FDA Releases Proposed Medical Device Reforms
January 20, 2011
In response to protracted public and political criticism of the Food and Drug Administration’s (FDA or Agency) regulation and review of medical devices under the premarket notification, or 510(k), process, the FDA’s Center for Devices and Radiological Health (CDRH or Center) yesterday released a set of proposed reforms to better “foster medical device innovation and assure the safety and effectiveness of medical technology.”
In a cover letter accompanying the proposals, Center Director Jeffrey Shuren acknowledged that CDRH has received complaints from regulated industry about its “unpredictable, inconsistent and opaque” decision making, and has also faced accusations from consumer advocates that the 510(k) program is “[in]sufficiently robust to assure that some devices cleared under the program are safe and effective nor does it provide enough information on safety and effectiveness to make well-informed decisions.”
The new proposals mark the culmination of months of public deliberations and outreach by CDRH, including preliminary reports released in August 2010 by the Center’s 510(k) Working Group and the Task Force on the Utilization of Science in Regulatory Decision Making. The proposals are, in turn, being shared by the FDA with the Institute of Medicine (IOM), which is in the midst of a separate, independent review of the 510(k) program.
Overview of Proposed Reforms
CDRH proposed reforms that entail 25 specific deliverables or milestones in 2011, and classified them into four broad categories: (1) guidance development; (2) policy and regulatory reforms; (3) administrative reforms; and (4) issues referred - or deferred - for IOM’s consideration. Foremost among the eight guidance documents to be developed in 2011 will be draft guidances on:
- “streamlining” the de novo classification process;
- clarifying when device modifications do and do not require new 510(k) submissions;
- clarifying when clinical data should be submitted to increase predictability and transparency; and
- establishing a “510(k) paradigm” to address the need for clinical substantiation of claims, use of multiple predicates, the criteria for identifying “different questions of safety and effectiveness,” and other programmatic issues.

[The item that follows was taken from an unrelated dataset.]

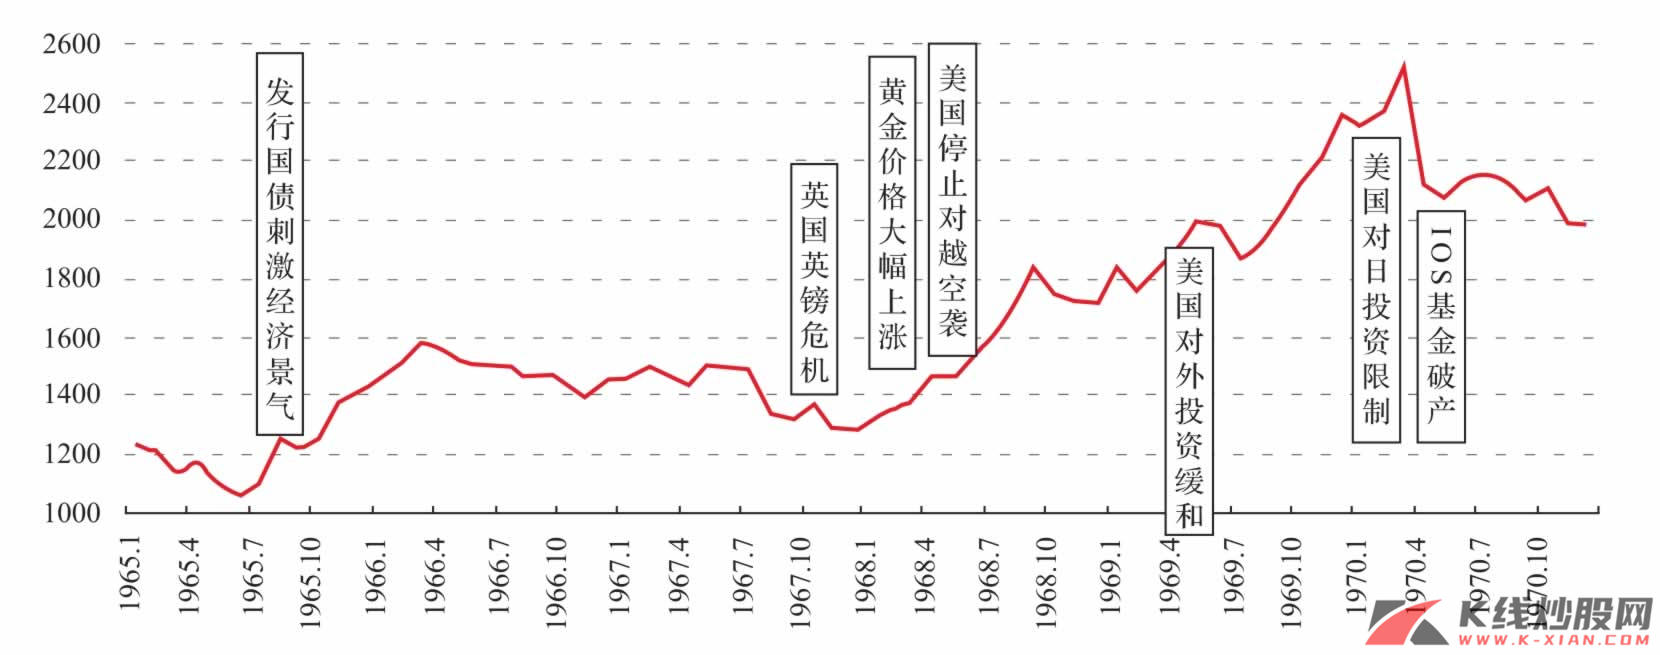 日本20世纪60年代后期市场走势
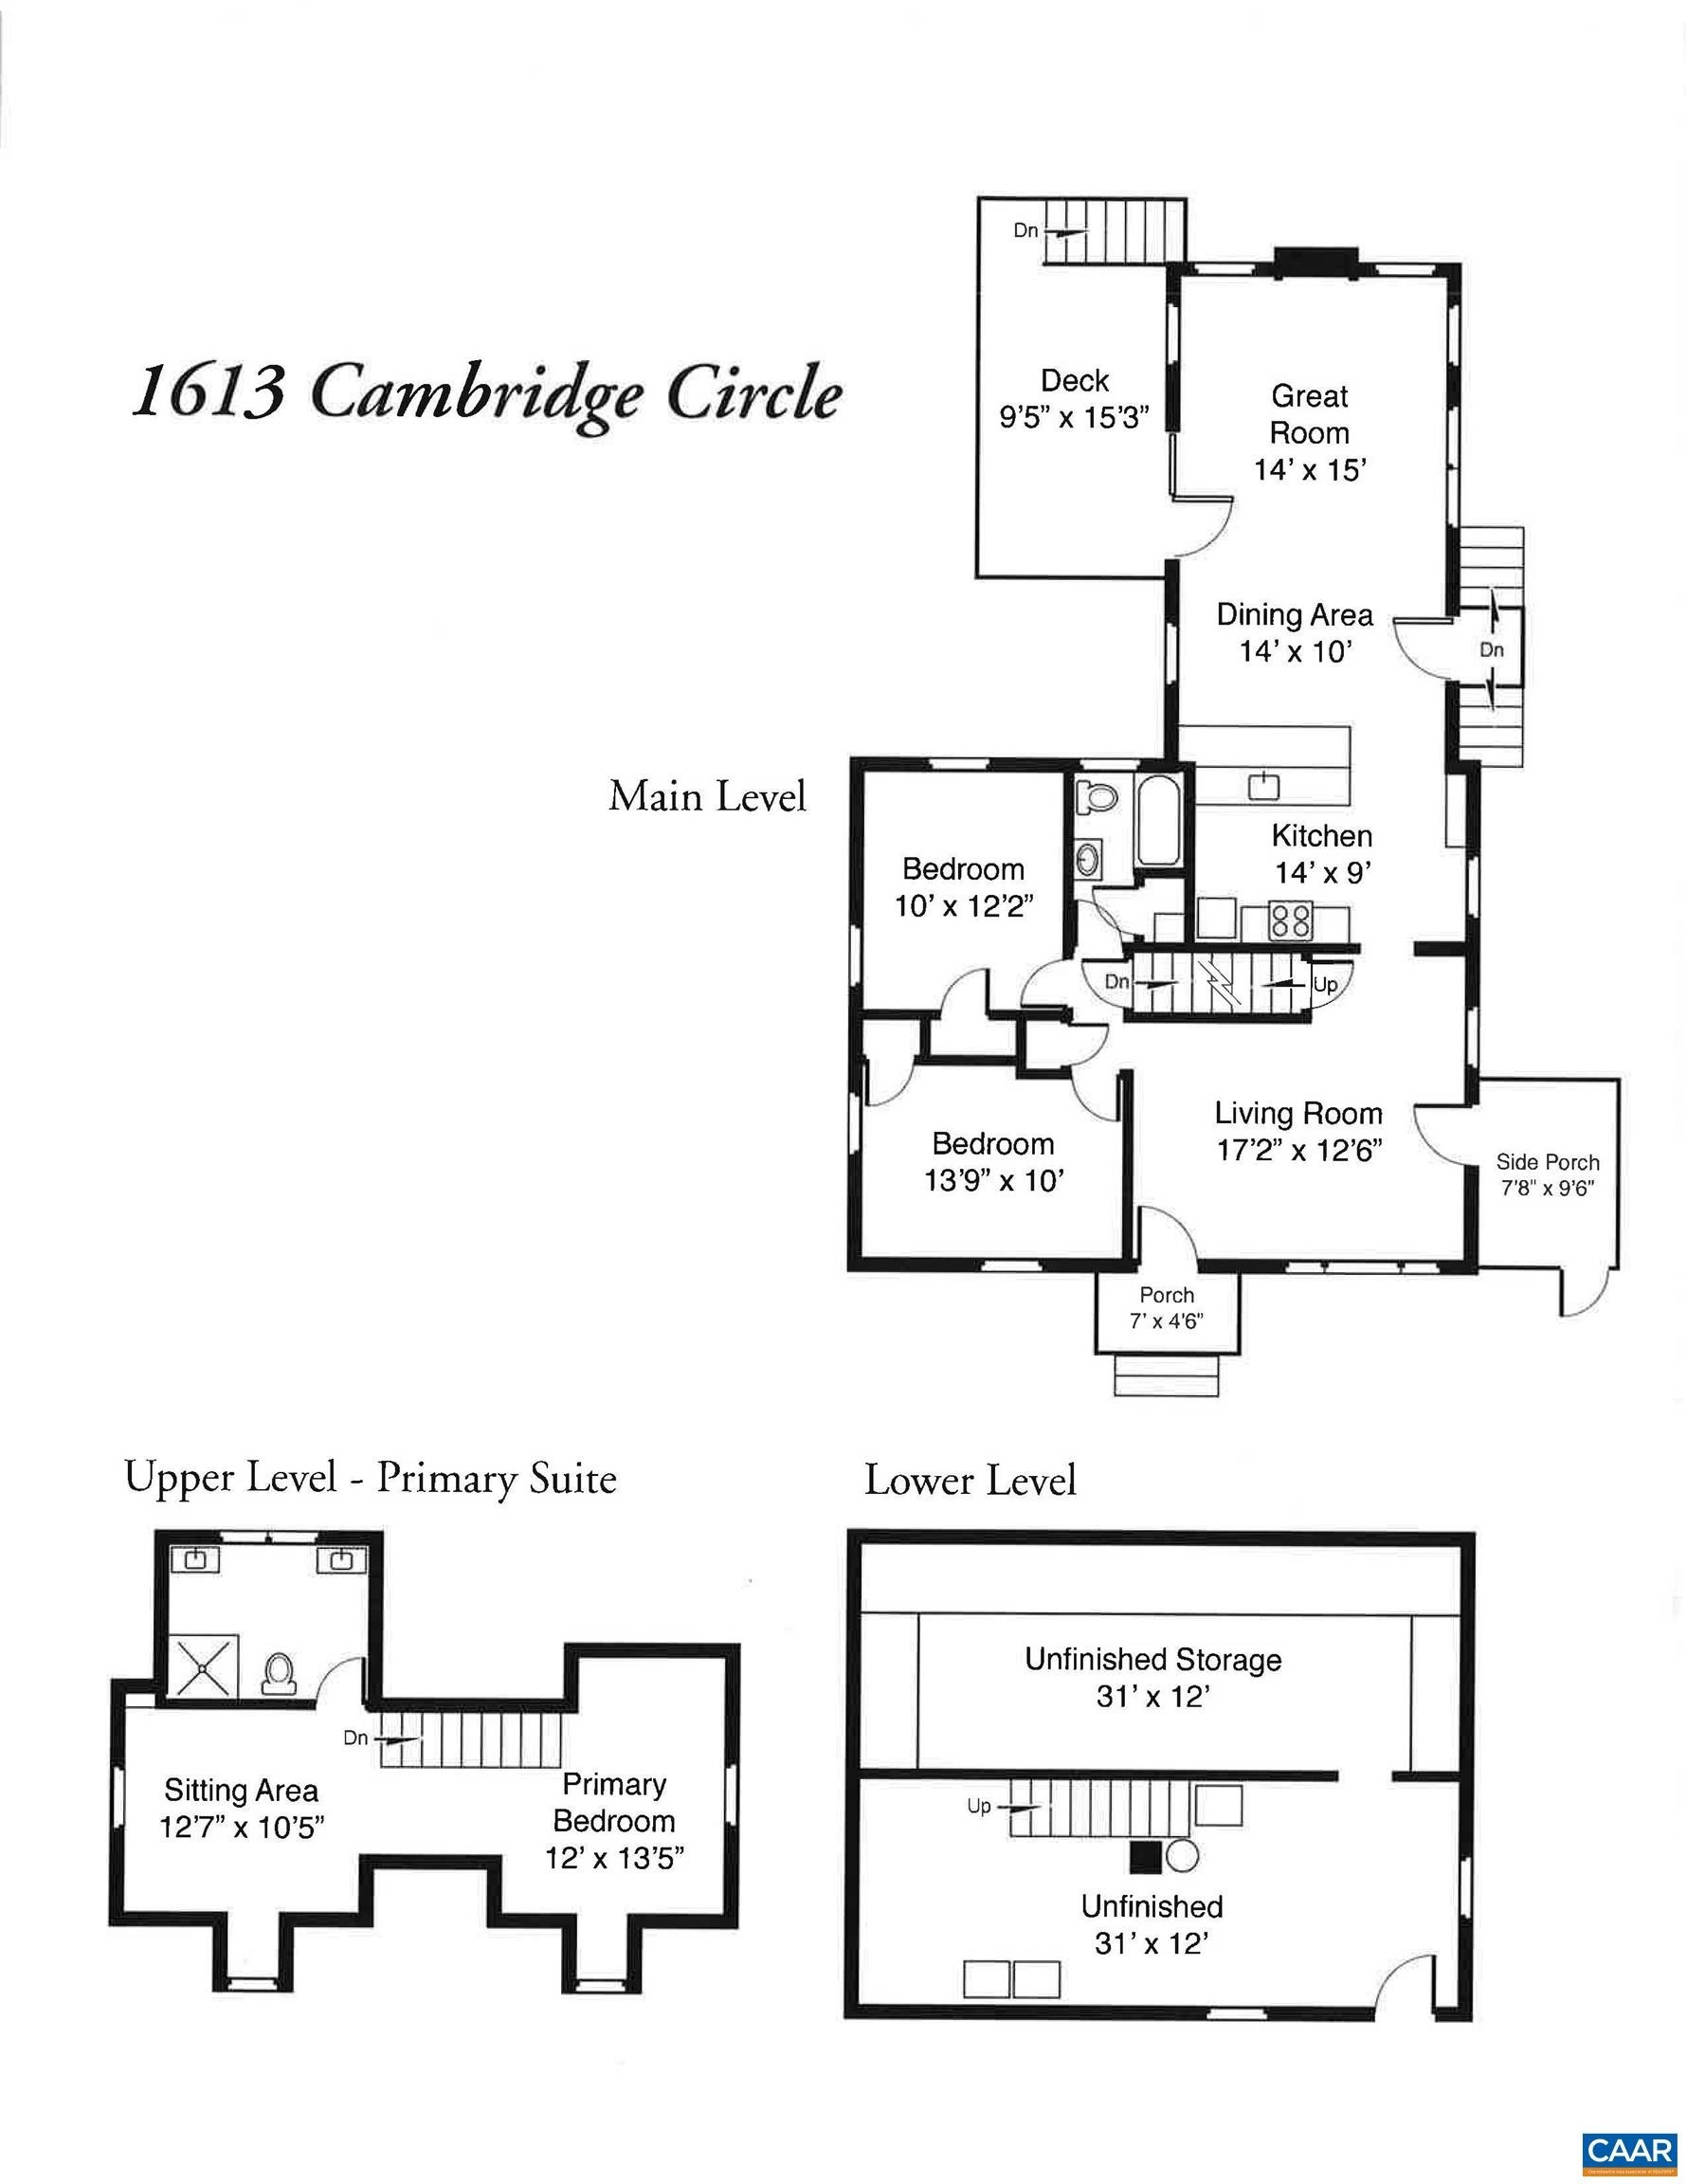 24. 1613 Cambridge Cir

CDRH also proposes a series of regulatory actions, ranging from “improving the IDE process” and its postmarket safety surveillance systems by mid-year, to issuing a proposed rule on unique device identification (UDI) by June 30. Similarly, the FDA promises internal reviews to otherwise “streamline” and “improve” its procedures for “notice to industry letters” signaling changes in regulatory expectations, for third party device reviews, as well as for unspecified improvements in the Center’s overall “guidance and regulation development.”
The most significant administrative proposals are for CDRH to establish a Center Science Council to help oversee continuous quality improvements to the 510(k) program, and develop “a network of external experts” to better enable the Center to “leverage external scientific expertise.”
Yet the Center deferred action on a number of key controversial issues until after the forthcoming IOM report is released, including the adequacy of its postmarket surveillance and 510(k) clearance rescission authorities; the desirability of establishing a “class IIb” of devices; the consolidation of “indications for use” and “intended use;” and issues related to off-label device use.
It is debatable whether the diverse proposals released by CDRH will adequately answer and correct the specific mistakes, procedural failures, and programmatic deficiencies raised in the FDA’s 2009 internal review of the Menaflex 510(k) clearance. As the Agency concluded at the time, “[t]he predicate system, as implemented, appears to perpetuate questionable review decisions.”
Moreover, the proposals may address -- but are not specifically focused on -- the many issues raised during recent congressional oversight of novel diagnostics and the Center’s controversial draft guidance on In Vitro Diagnostic Multivariate Index Assays (IVDMIAs), suggesting that many questions unique to advanced molecular diagnostics, laboratory developed tests (LDTs), and CDRH’s Office of In Vitro Diagnostic Device Evaluation and Safety (OIVD) will receive further scrutiny.
Finally, in addition to innovative companies, regulated industry, and patient advocates, the Congress is a key audience of CDRH’s proposals, given the impending reauthorization of medical device user fees under the Medical Device User Fee and Modernization Act (MDUFMA) by September, 2012. Stakeholders should anticipate continued congressional scrutiny of the rigor and efficiency of FDA’s medical device regulation, particularly in light of President Obama’s recent focus on regulatory reforms to “make our economy stronger and more competitive” as well as CDRH’s own claims that its reforms will suffice to “keep the United States the leader in medical device innovation.”